Single by Richard Clayderman

from the album Richard Clayderman
- A-side: "Ballade pour Adeline (Sonate pour Piano et Orchestre)"
- B-side: "Ballade pour Adeline (Piano seul)"
- Released: 1977
- Studio: Delphine Studios
- Label: Delphine
- Composer: Paul de Senneville
- Producer: Paul de Senneville

Richard Clayderman singles chronology
| "n. a." | "Ballade pour Adeline" (1977) | "Les Fleurs Sauvages" (1978) |

= Ballade pour Adeline =

1977 instrumental single by Richard Clayderman, composed by Paul de Senneville

"Ballade pour Adeline" (French for "Ballad for Adeline") is a 1977 instrumental by Richard Clayderman, composed by Paul de Senneville. Paul de Senneville composed the piece as a tribute to his newborn daughter, Adeline. As of 2020, worldwide sales of the recording have reached 22 million copies in 38 countries. It remains Clayderman's signature hit.

The French trumpeter Jean-Claude Borelly recorded his version in the early 1980s, which used the same instrumental backing track as the original recording.

Richard Clayderman performed a duet of the track with guitarist Francis Goya in 1999, and it was released on their studio album, Together. This recording also used the same backing track.

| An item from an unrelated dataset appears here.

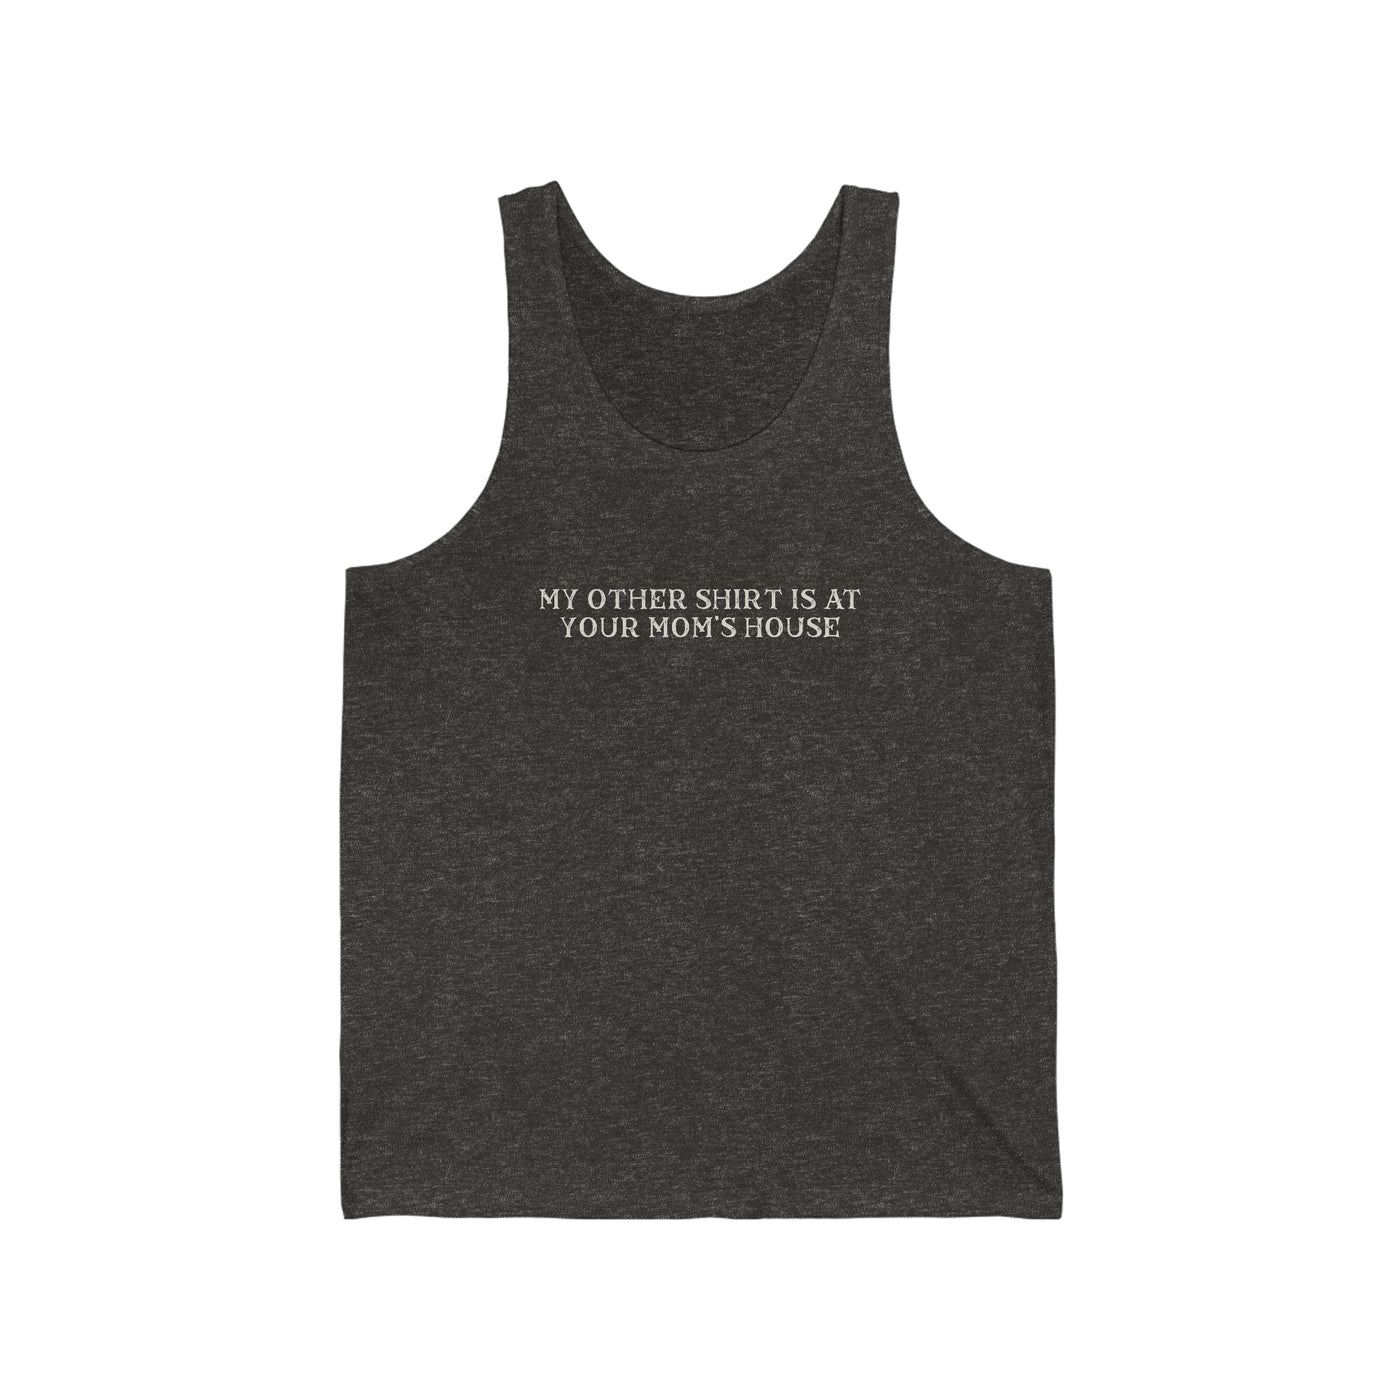 My Other Shirt Is At Your Mom's House Unisex Tank Top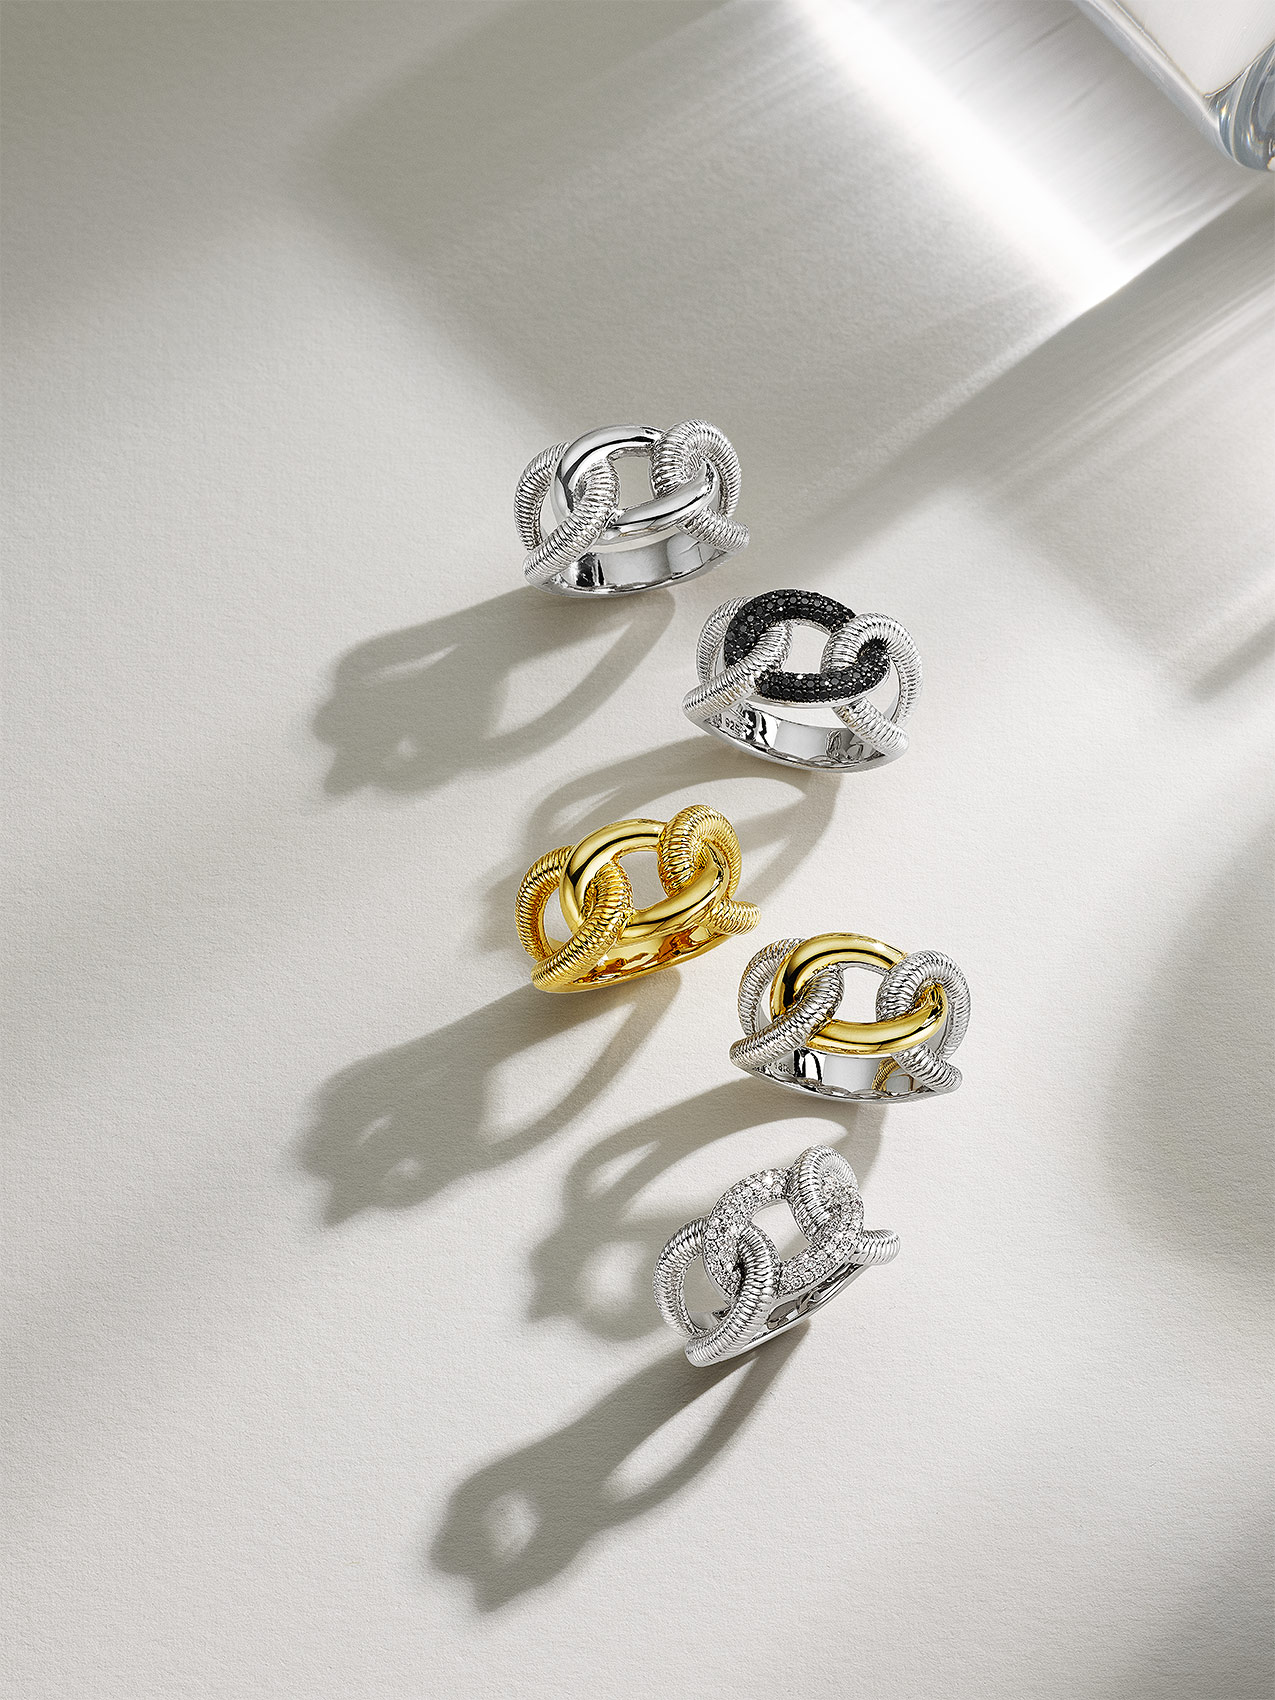 Gold and Diamond Rings with Shadows

A new version of this piece was released on the Richard Clayderman studio album A Thousand Winds in 2007, to celebrate 30 years since the original release of "Ballade Pour Adeline." Clayderman was accompanied by a new string arrangement by Olivier Toussaint.

==History==
In 1976, Richard Clayderman (real name Philippe Pagès) received a telephone call from Olivier Toussaint, a well-known French record producer, who, with his partner, Paul de Senneville, was looking for a pianist to record a gentle piano ballad. Paul had composed this ballad as a tribute to his new born second daughter “Adeline”. The 23-year-old Philippe Pagès was auditioned along with 20 other hopefuls and, to his amazement, he got the job. "We liked him immediately", says Paul de Senneville, "His very special and soft touch on the keyboards combined with his reserved personality and good looks very much impressed Olivier Toussaint and me. We made our decision very quickly".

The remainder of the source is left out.